§ EXERCISE REQUIREMENTS
Find the line below with "Nethope 2017 Device Challenge" and the line with "Los flavonoides le". Output exactly those lines and everything between them, leaving out the pictures.

§ MATERIAL TO PROCESS
================================

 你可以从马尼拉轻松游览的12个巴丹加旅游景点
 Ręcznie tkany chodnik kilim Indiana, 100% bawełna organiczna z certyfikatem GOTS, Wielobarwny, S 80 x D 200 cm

================================

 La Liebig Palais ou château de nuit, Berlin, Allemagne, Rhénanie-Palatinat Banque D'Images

================================

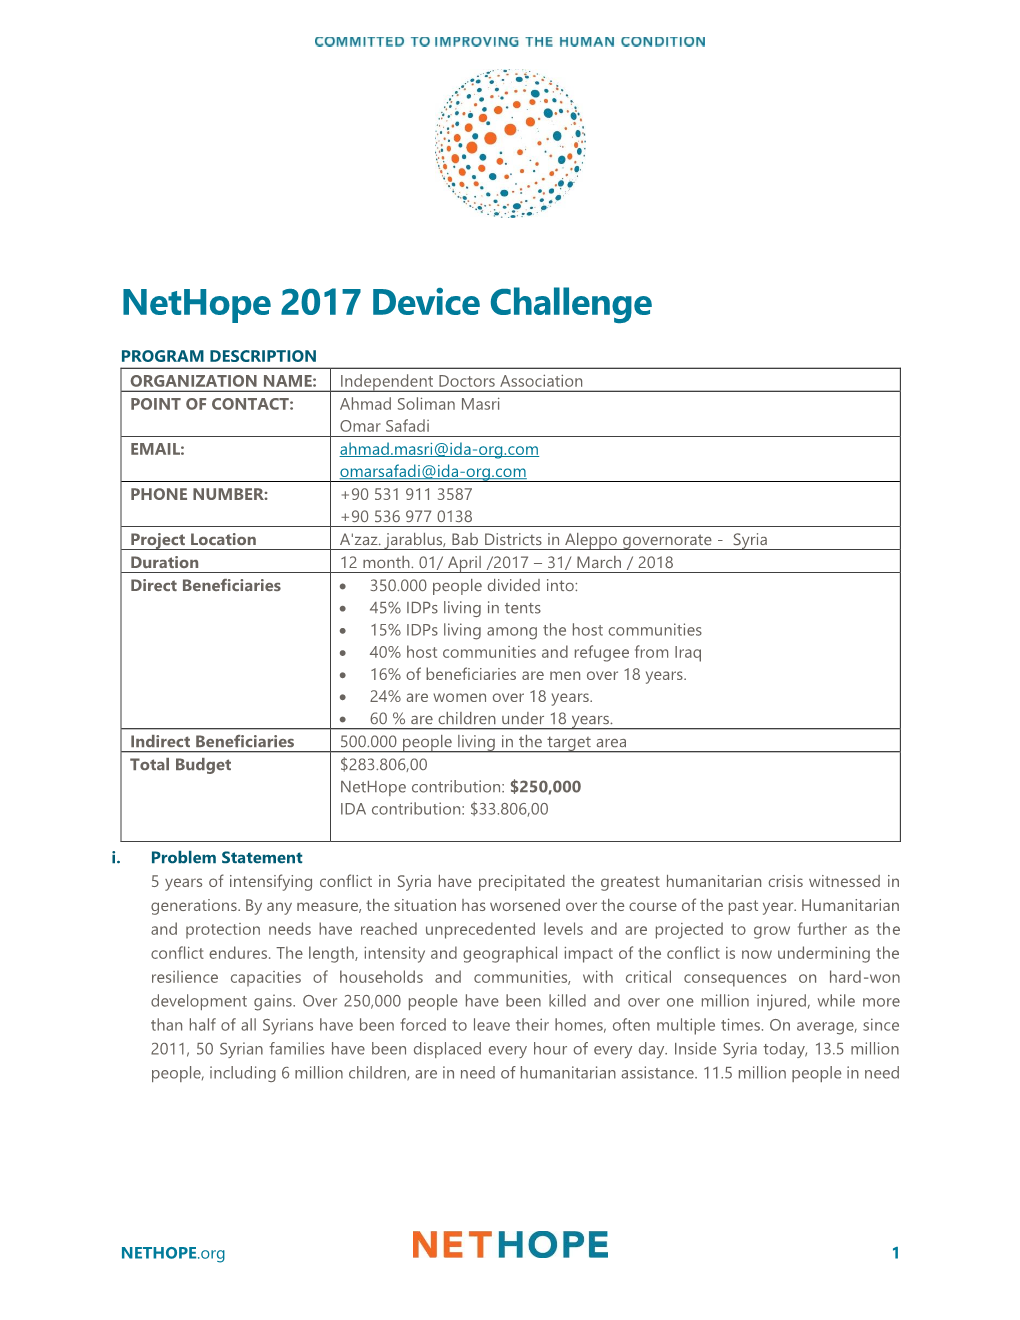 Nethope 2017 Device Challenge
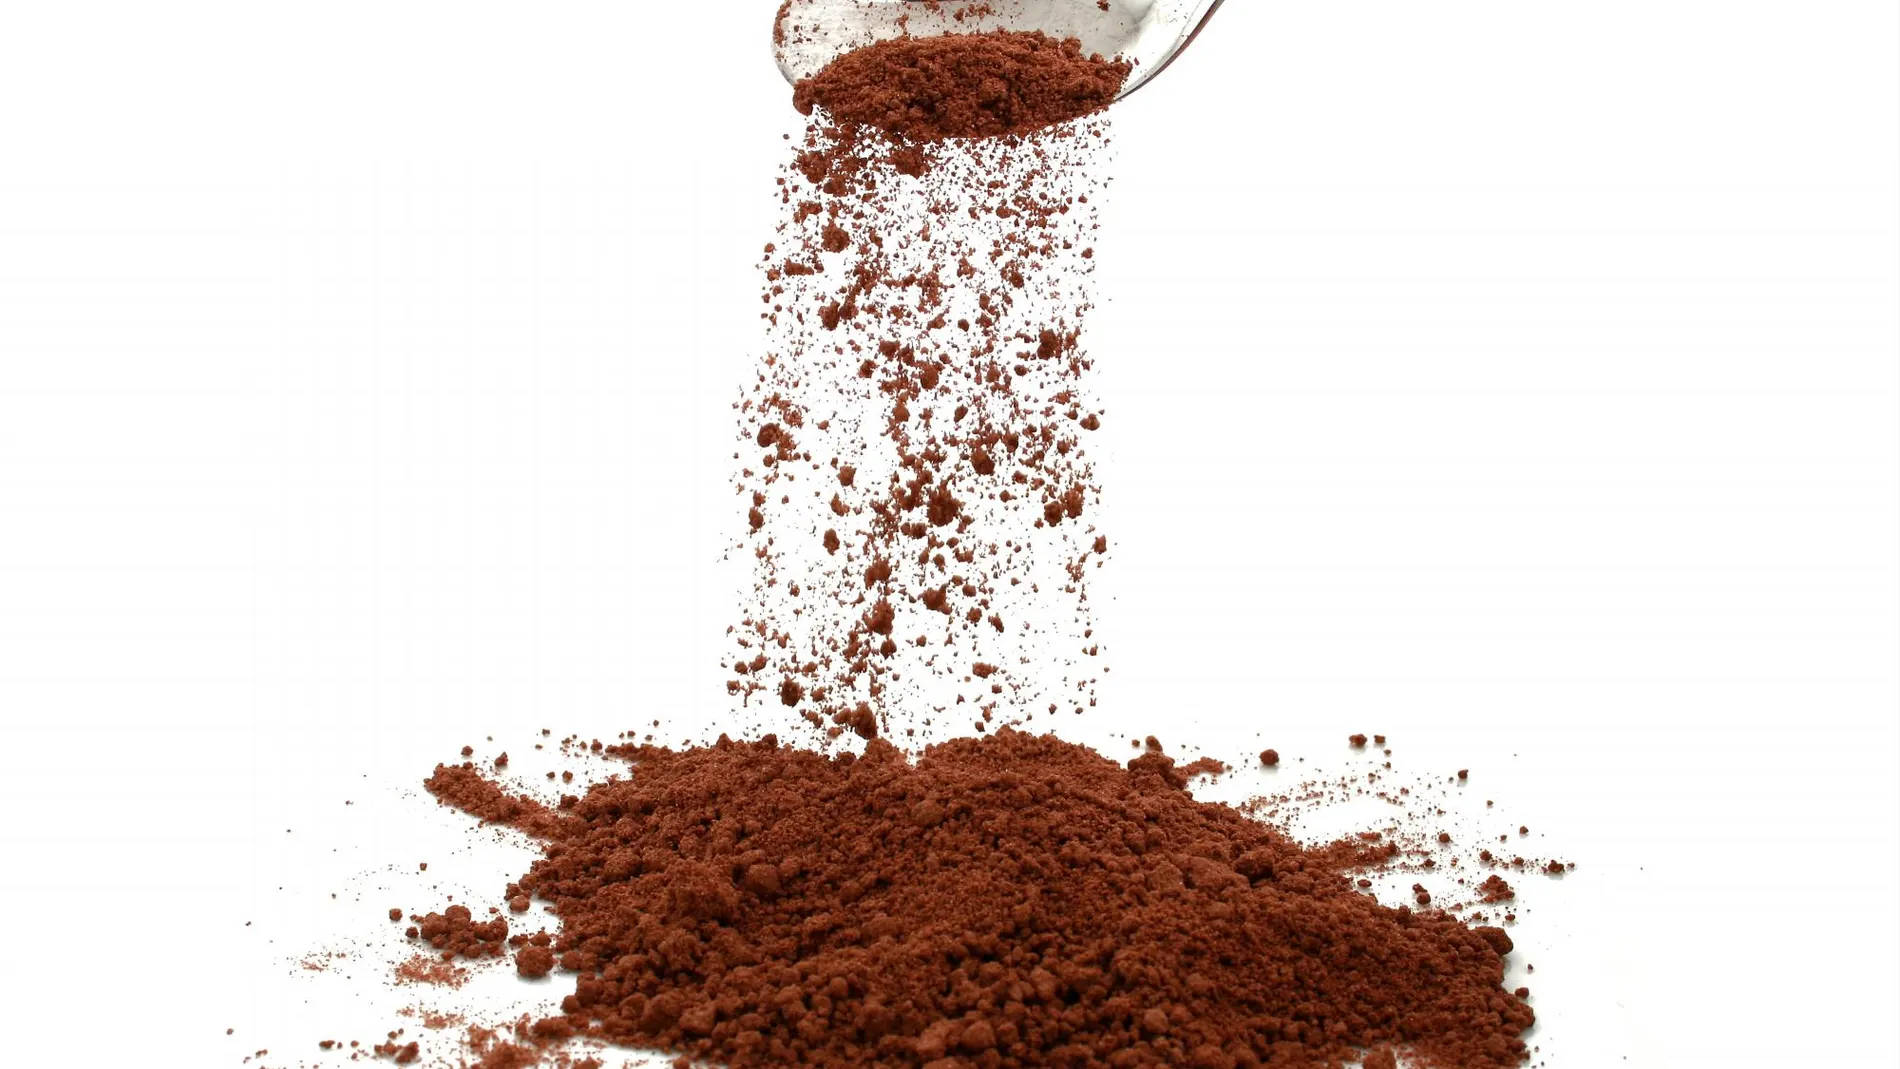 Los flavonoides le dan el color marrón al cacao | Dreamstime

================================

§ WRITTEN SOLUTION
 Nethope 2017 Device Challenge
 Los flavonoides le dan el color marrón al cacao | Dreamstime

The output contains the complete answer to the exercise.